M.P. for Lincolnshire
- In office 30 Jan 1447 – 1448
- Monarch: Henry VI

Sheriff of Lincolnshire
- In office 9 Nov 1448 – 26 Feb 1450
- Monarch: Henry VI

Personal details
- Born: 1404
- Died: 1450-51
- Spouse: Elizabeth Wolfe
- Children: John Marmion
- Parent(s): John Marmion & Margaret

= Manser Marmion =

English Member of Parliament and Sheriff of Lincolnshire

Sir Manser (aka Mauncer) Marmion, of Ringstone in Rippingale and Galby was an English Member of Parliament and Sheriff of Lincolnshire.

==Ancestry==

His parents were Sir John Marmion (buried in 1415 at Sempringham Priory where his daughter Mabel was a nun) and his wife Margaret. According to Nicholls (1795) and Palmer (1875) the family were descended from Manasser Marmion, 6th son of Robert Marmion the Justiciar and the Counts of Rethel (including Manasses I, Manasses II & Manasses III). But Farnham (1929) mentions that Manasser is recorded as being the son of a Sir William Marmion in evidence submitted by the Marmion family of Galby and Keisby at the National Archives and such is confirmed by various petitions.

==Career and life==

When Manser reached the age of eighteen, (Note: judging by his stated age in the Parliamentary registers) his mother Margaret gave him the Manor of Keisby, which had been granted to her for life by Geoffrey Luttrel for a yearly rent of 16 marks.

In 1423, Manser made a 100l recognizance to the King to not harm William Gase, Parson of Dunsby church or any other person and in the same year promised to not harm any of the servants of Joan, Countess of Kent, and Humphrey, Earl of Stafford.

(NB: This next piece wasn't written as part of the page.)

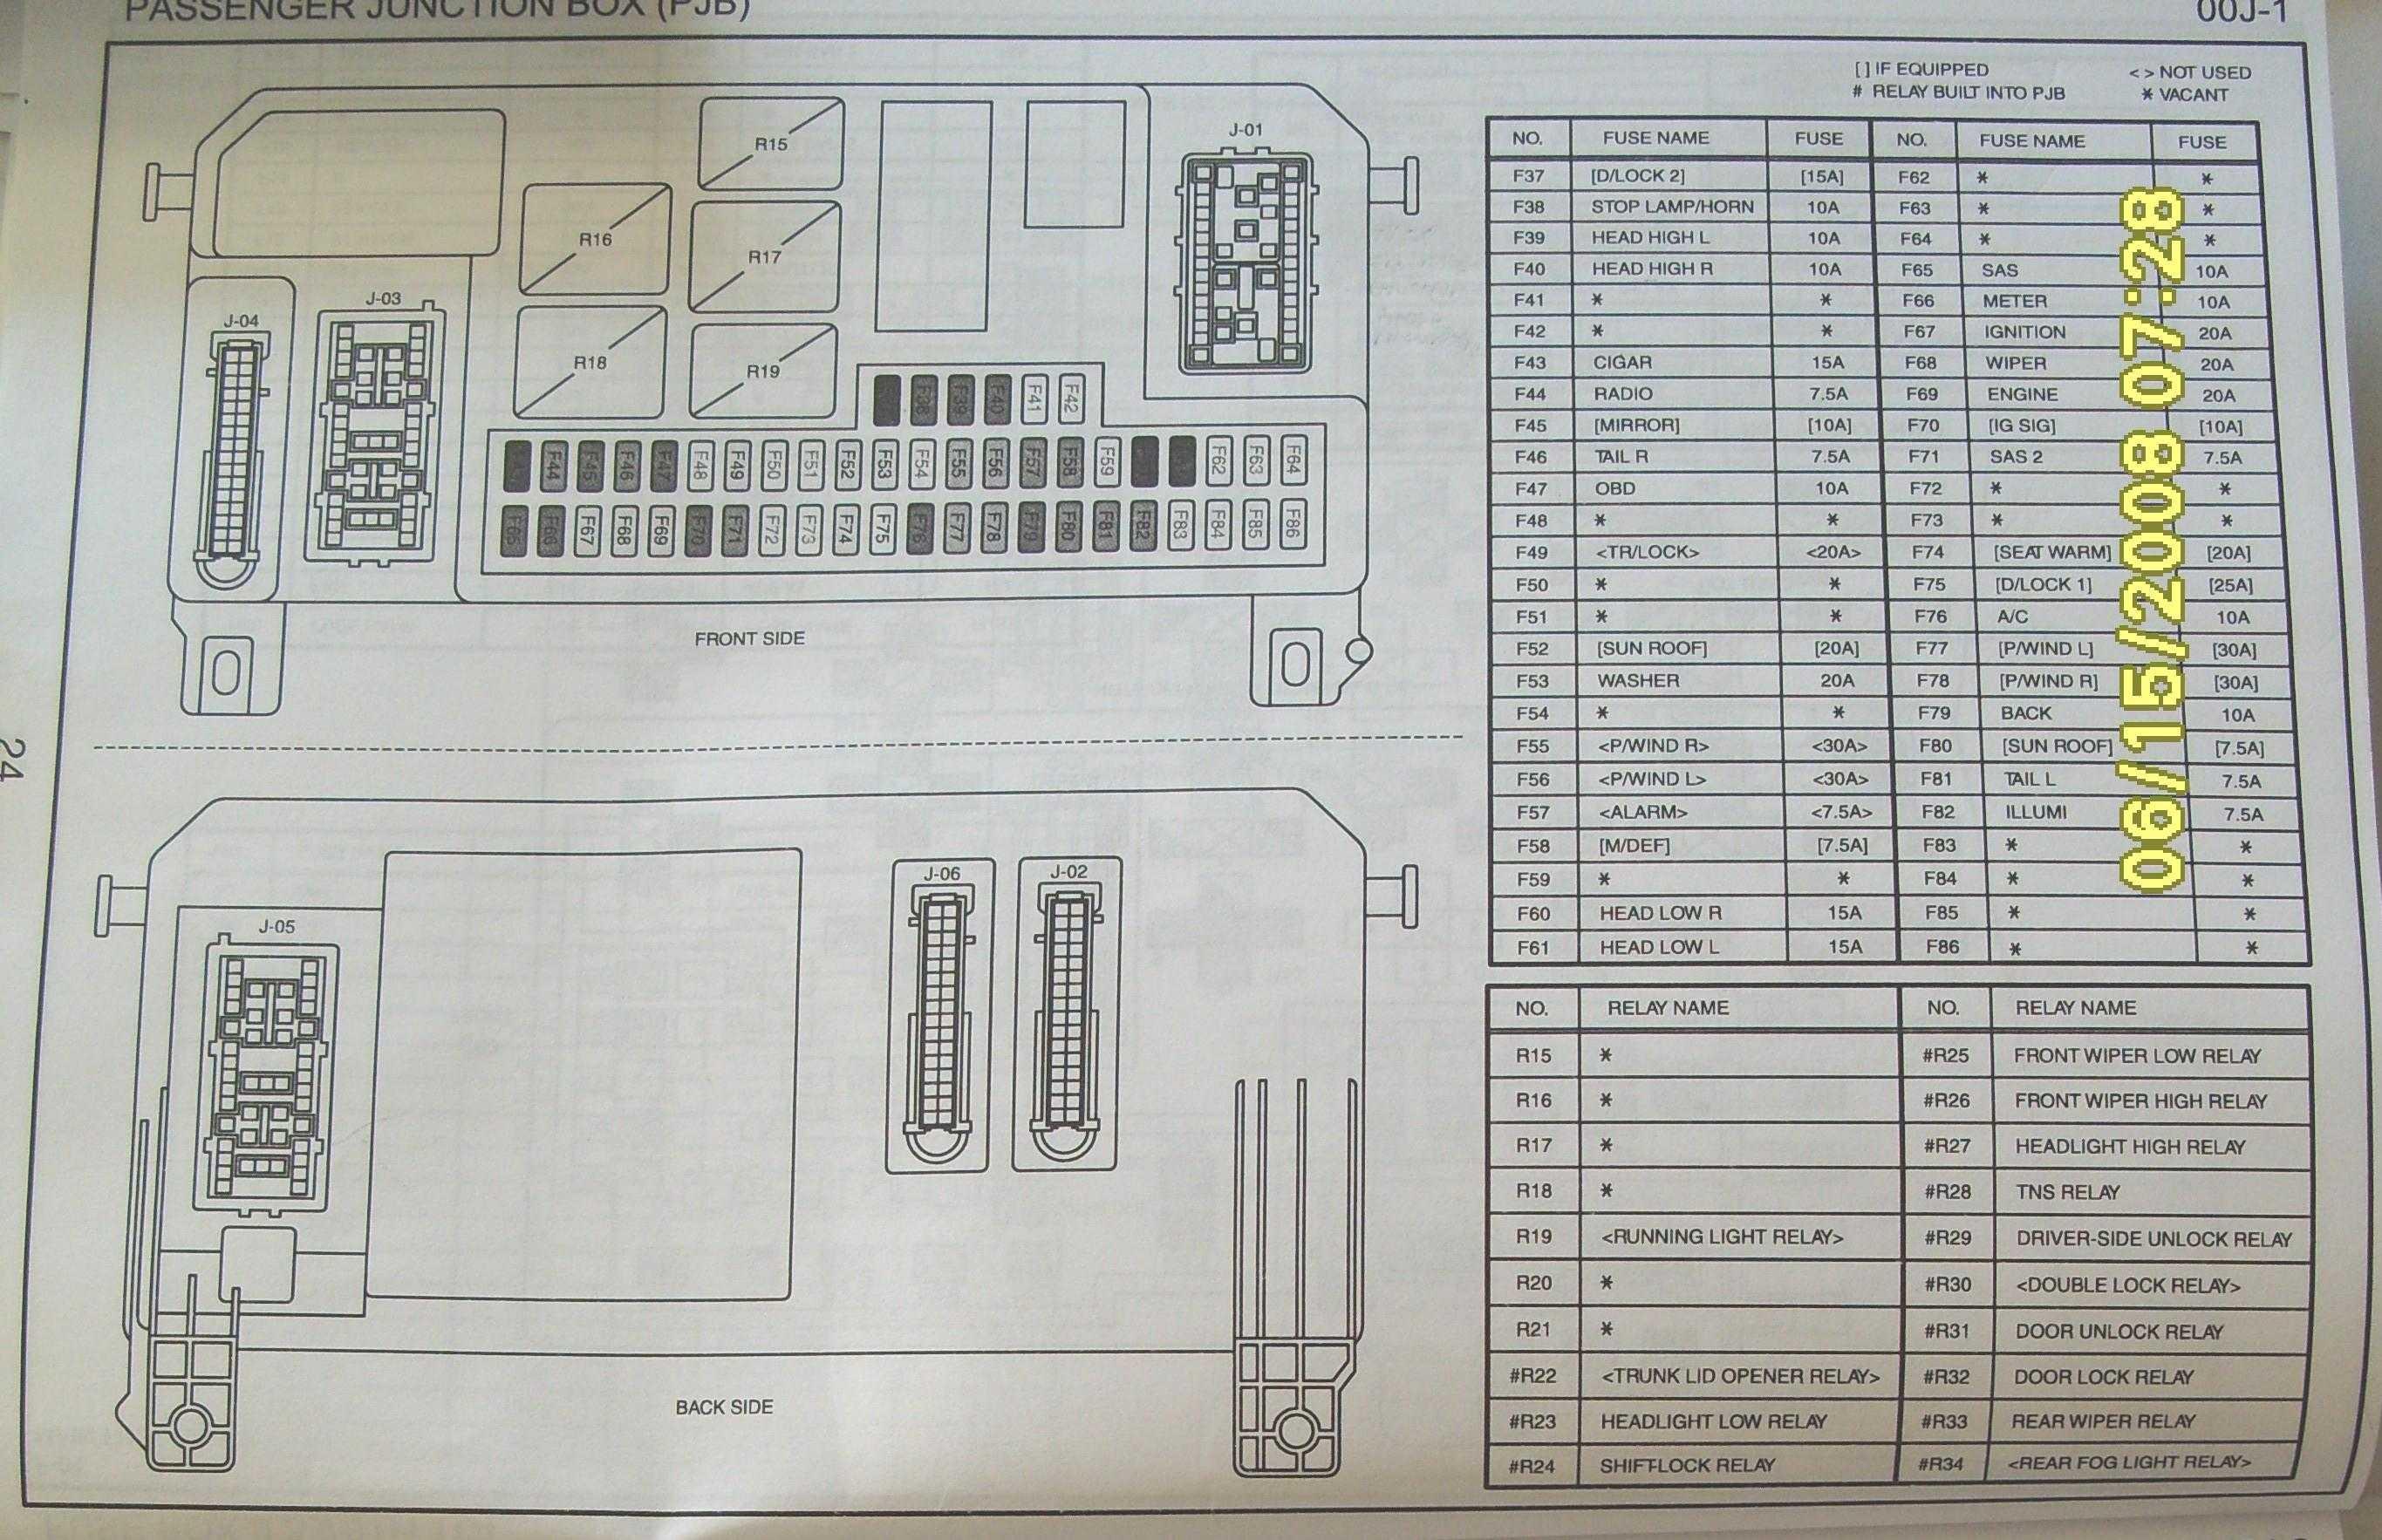 mazda 3 headlight wiring diagram wiring diagrams 8366d1276288059 headlights  horn wont shutoff wiring diagram s1050443 commented pg1 50?resize\=665

In 1434, Manser took the oath not to maintain peace-breakers. In 1435, he attended the Shire Court at Leicester. By 1436, his income was £40 and he held one Knight's fee at Aslackby and Laughton.

He was knighted between 1436 and 1441 and was appointed to Parliament as Knight of the Shire for Lincolnshire on 30 Jan 1447.

He served in France in July 1448 and was Sheriff of Lincolnshire from 9 Nov 1448 to 26 Feb 1450.

During the Lincolnshire feud between the wealthy and violent William Tailboys (later a staunch Lancastrian in the approaching Wars of the Roses) and the ex-Treasurer of England, Ralph de Cromwell, a Writ of Exigend was issued against Tailboys. Tailboy's powerful friend William de la Pole, 1st Duke of Suffolk and Lord High Admiral of England vigorously defended him from prosecution and is supposed to have pressured Sir Manser, then Sheriff, not to arrest Tailboys. Manser was punished for failing to carry out his duty but got off lightly due to Tailboys being pardoned.

Manser's wife Elizabeth died in early 1449, and the income from her Leicestershire estate passed to her son and heir from her first marriage, Robert Walshale, Jnr.

In 1450, Sir Manser went to France in the company of the Treasurer of the Household and newly appointed Lieutenant of Calais, Sir John Stourton.

The cause of Manser's death is not known. He died before 25 Jun 1451 (Note: 1450 was the year that the Lincolnshire gentry violently divided into the two sides of the approaching Wars of the Roses and William De La Pole was murdered), when a writ of Diem Clausit Extremum (literally "he closed his last day" ie died) was issued to enquire upon his estate, whereupon his lands passed to his son and heir John.

==Family==

Between 1431 and 1435, Manser married Elizabeth, daughter and heir of John Wolfe (aka le Lupus), Esq. of Frolesworth (descendant and heir of the d'Amory, d'Anvers and Sackevill families who held the manor before him) and widow of Robert Walshale (d.1431). Manser and Elizabeth had the following issue:-

- John Marmion (d.1465), fathered Mauncer (who married Edith daughter of Sir Thomas Berkeley of Wymondham). John and Mauncer Jnr both subsequently served as High Sheriff of Lincolnshire, in 1460 and 1497, respectively.

Manser's family "daughtered out" in the 1500s with his great-great-granddaughter Katherine Marmion. She married John Haselwood, Master of the Fleet Prison and had eleven children before remarrying to Thomas Claughton, Esq.